(Exercise goal) Every line of the listing below should be written out exactly, minus its pictures.

(Dataset content)
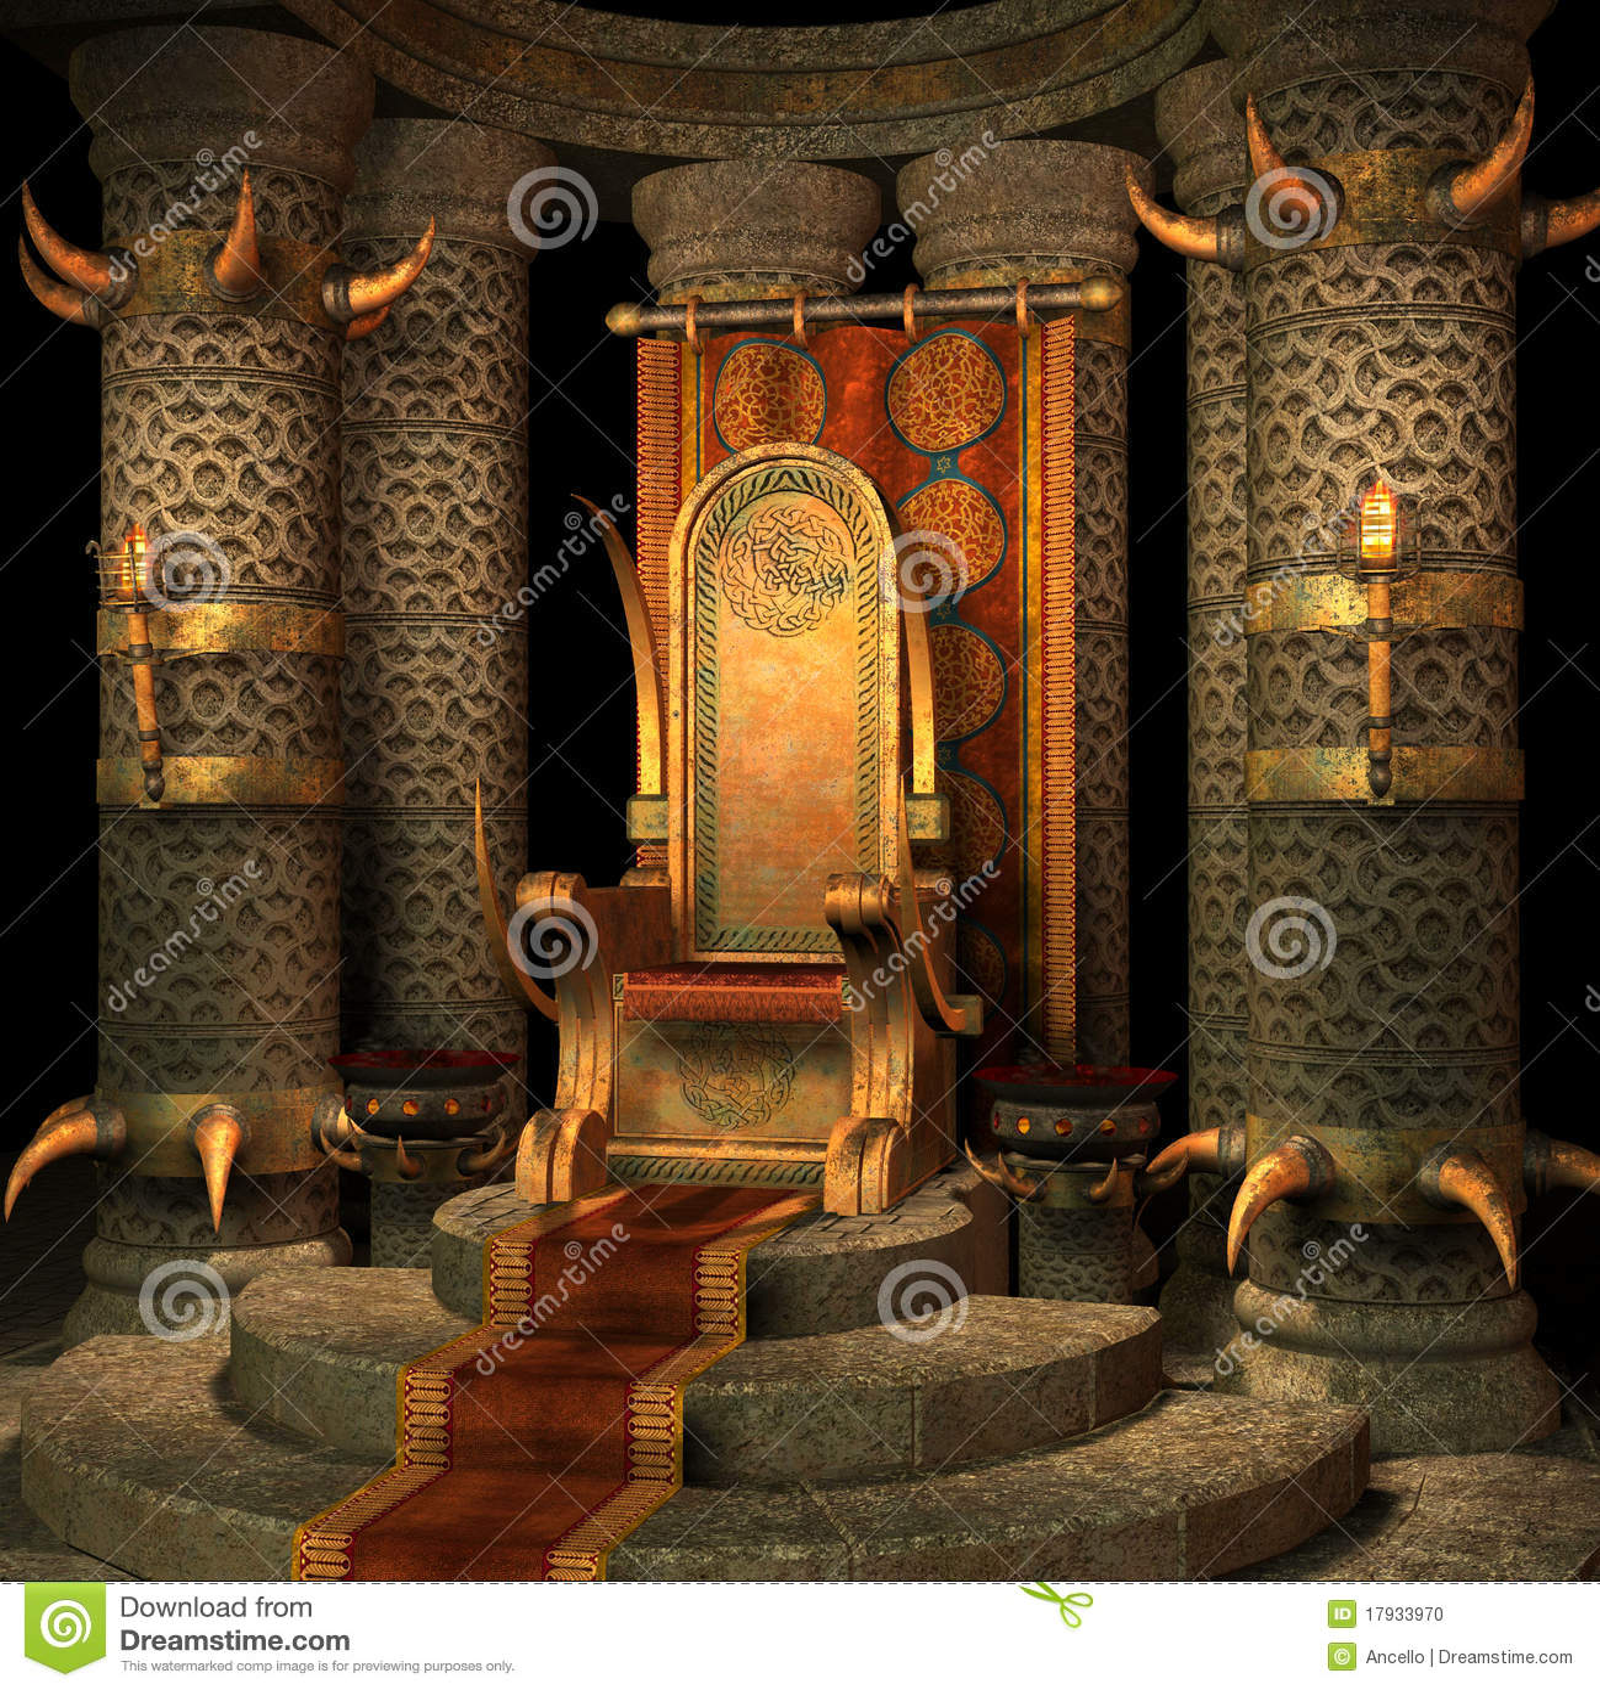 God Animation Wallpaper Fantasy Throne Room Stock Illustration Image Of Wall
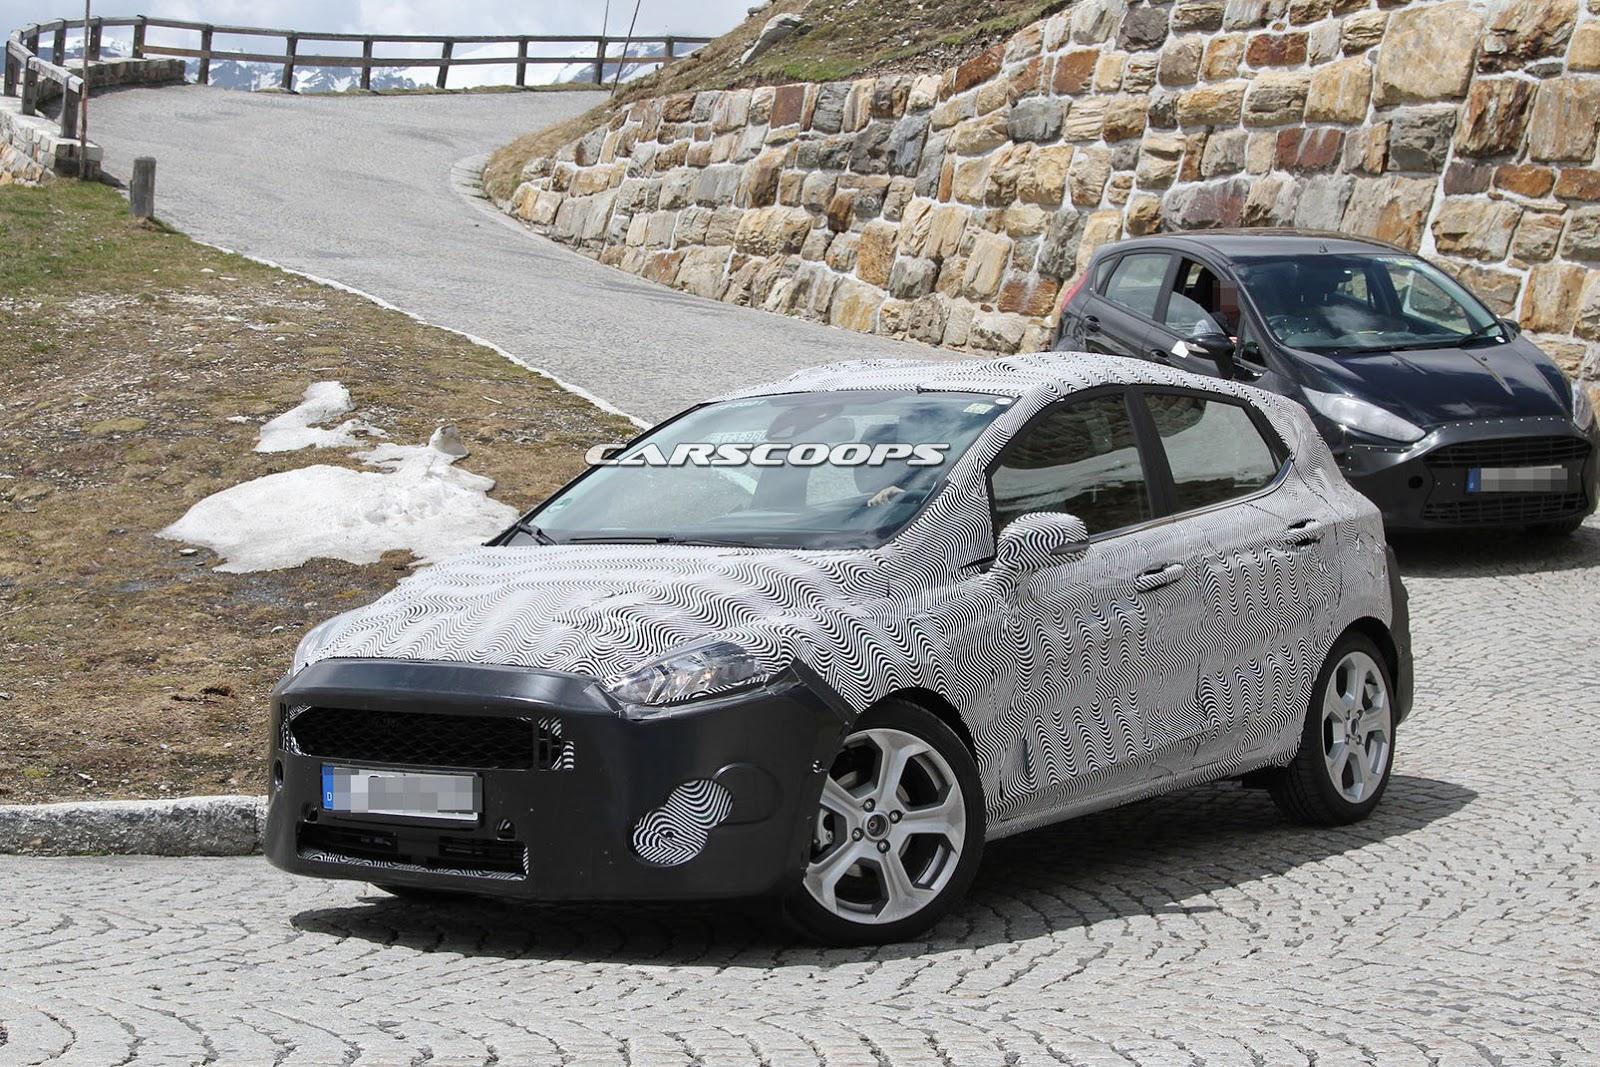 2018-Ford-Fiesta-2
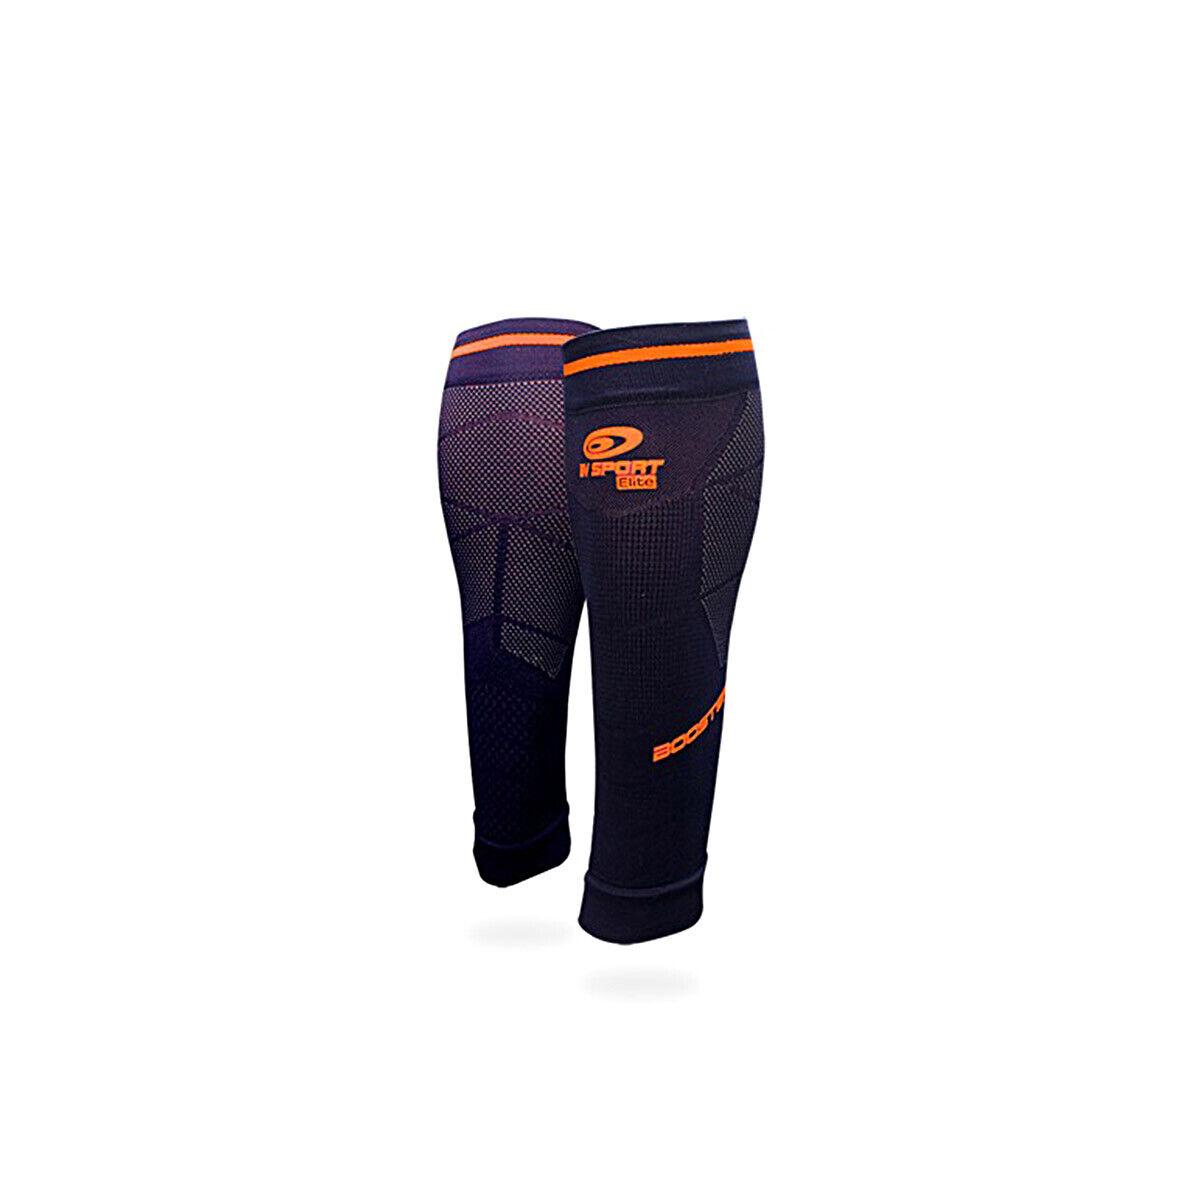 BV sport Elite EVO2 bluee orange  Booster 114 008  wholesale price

(Response to the exercise)
 God Animation Wallpaper Fantasy Throne Room Stock Illustration Image Of Wall
 2018-Ford-Fiesta-2
 BV sport Elite EVO2 bluee orange  Booster 114 008  wholesale price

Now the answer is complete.